■ Required work ■
Reproduce each line of the material precisely.

■ Supplied information ■
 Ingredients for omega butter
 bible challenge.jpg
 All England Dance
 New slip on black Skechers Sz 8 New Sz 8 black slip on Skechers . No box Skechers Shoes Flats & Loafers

■ Task solution ■
 Ingredients for omega butter
 bible challenge.jpg
 All England Dance
 New slip on black Skechers Sz 8 New Sz 8 black slip on Skechers . No box Skechers Shoes Flats & Loafers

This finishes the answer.